What About Hell? - Part I
Dr. Joe Temple

Introduction

We are going to think together about a subject which is not inspirational, not by the farthest stretch of the imagination, but it is an exceedingly important subject. This is one in the series of messages which we have been bringing on the theme, Simple Questions Often Asked . We have tried to answer some of these so-called simple questions and some of them have proven to be rather profound.

Questions Asked About Hell

I have often been asked, “Why does God send people to Hell?” I have been asked, “Is Hell for real?” I have been asked, “Does it last forever?” I have been asked, “Is it true that there is a way out of Hell after you have been there for a while?” I could go on listing numerous other questions which have been asked me concerning Hell. I am not surprised that these questions are asked because there is very little preaching on Hell. If I were to ask you to tell me how long it has been since you have heard any discussion of this subject, you might remember that it has been quite some time. Sometimes in an evangelistic meeting, we may hear some sermon on Hell, but I am talking about a discussion that delves down into the Scriptural basis for the doctrine of Hell.

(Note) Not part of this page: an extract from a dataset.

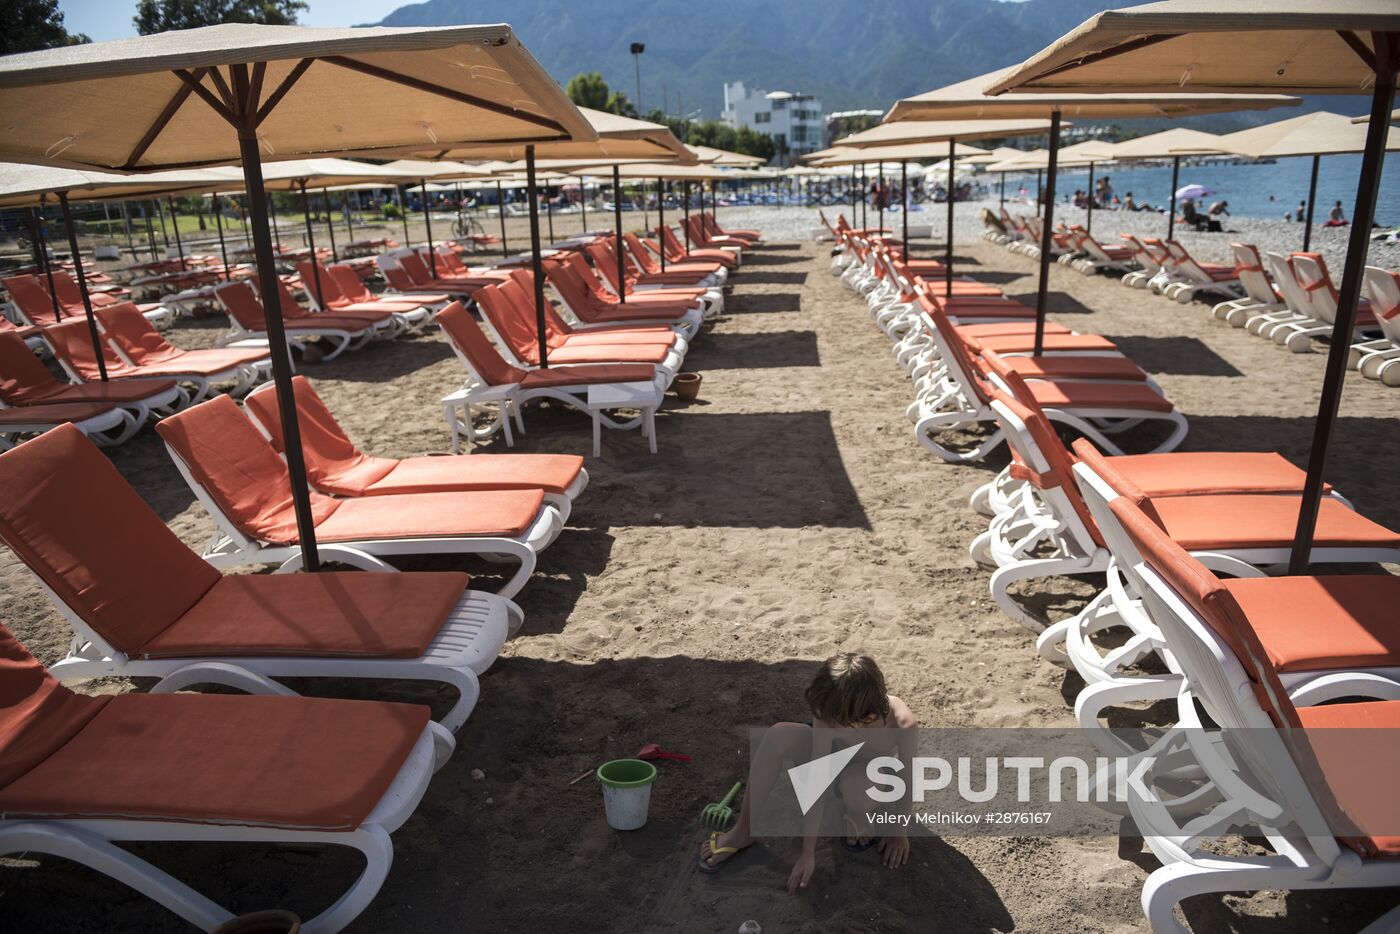 Russian tourists' flow drops at Turkish resorts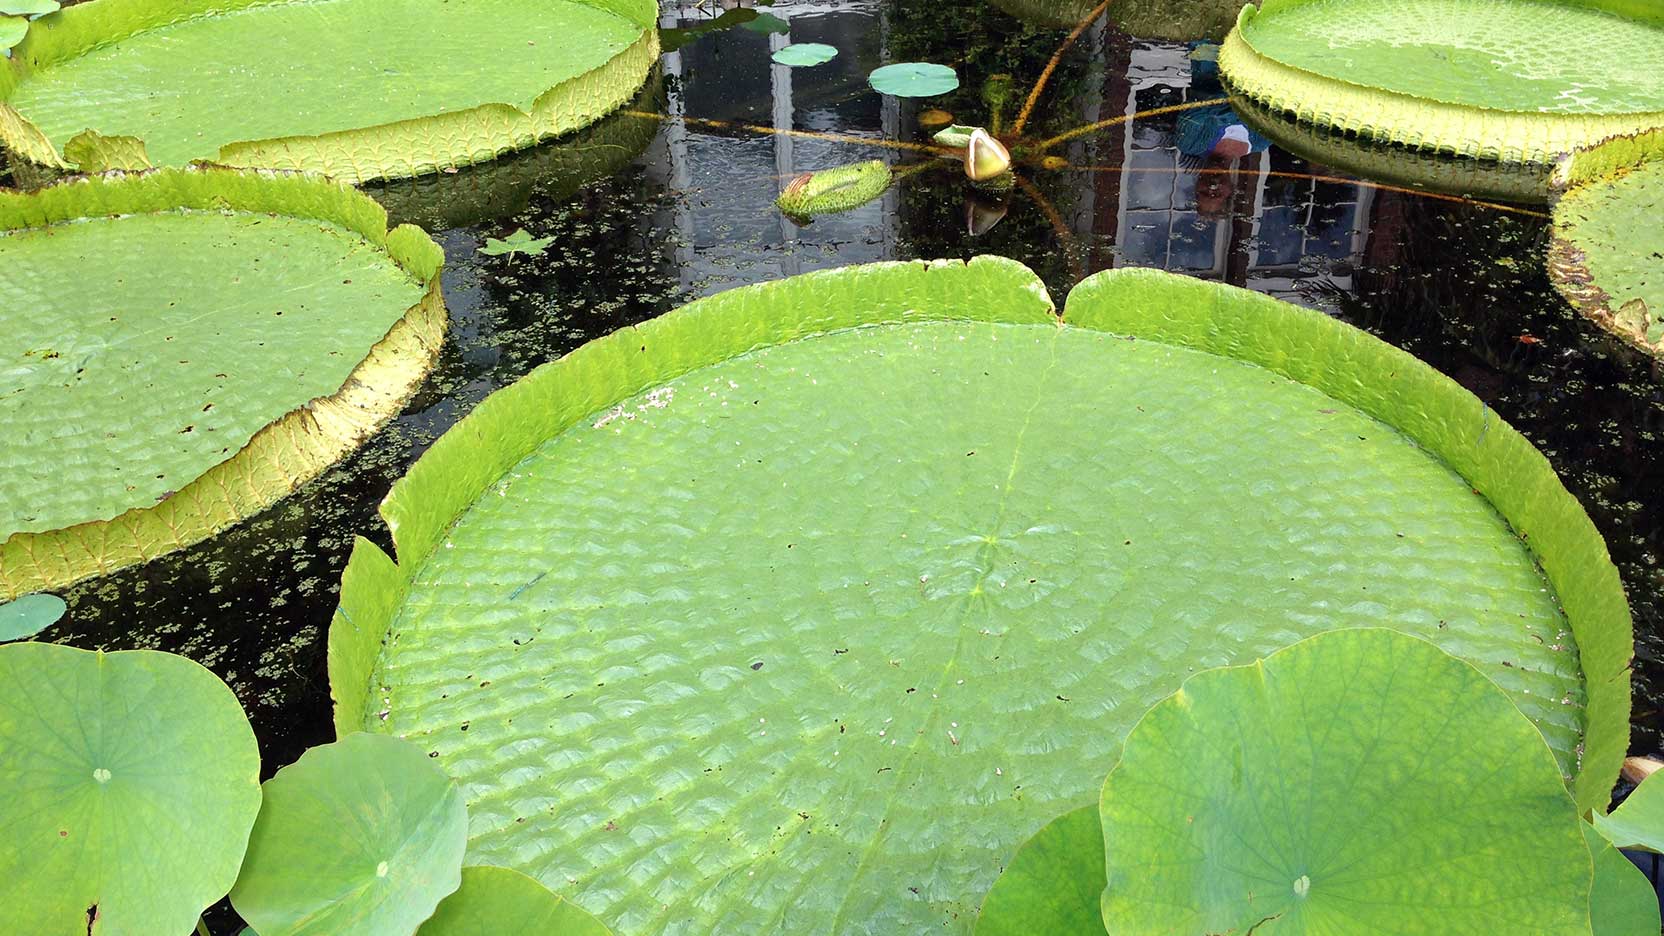 Hortus Botanicus, Amsterdam, Victoria amazonica water lily

As we examine what the Word of God has to say about Hell, I think we will find an answer to all of these questions which I have suggested and to others that you have perhaps been asked at some time or other. As we pursue this study on Hell, I suggest that we consider first a review of the terms related to the subject. We will consider the reason for Hell, we will consider the reality of Hell, and we will consider the release from Hell as it is described in the Word of God.

Term Sheol Used

In order for us to understand what we are talking about, we need to review the terms which are used in the Scripture to describe Hell. May we begin by suggesting to you that in the Old Testament there is one Hebrew word which is used sixty-five times and which is translated by our English word Hell . It is a word that you sometimes see in italics in your translations. Sometimes you see it in the margins of your Bibles or in the center column reference. So it is reasonably familiar—more so than many other Hebrew words. The word of which I speak is the word Sheol , which is a comprehensive word which means very literally “the place of the dead.” When it is used in this comprehensive way, it makes no distinction between the saved and the unsaved. It is simply a place of the dead, without any reference to their spiritual condition. It is used some thirteen times in this general way.

An example of its use in this fashion will be found in the book of Psalms. As a matter of fact, we are going to find most of our references in the book of Psalms, not because that is the only place they are found, but because it will be a bit easier to find there those which will illustrate our points. So will you turn to Psalm 16, verse 10, which proves to be the words of the Lord Jesus Christ as He was talking to His Father. He said to Him:

Psalm 16:

10For thou wilt not leave my soul in hell; neither wilt thou suffer thine Holy One to see corruption.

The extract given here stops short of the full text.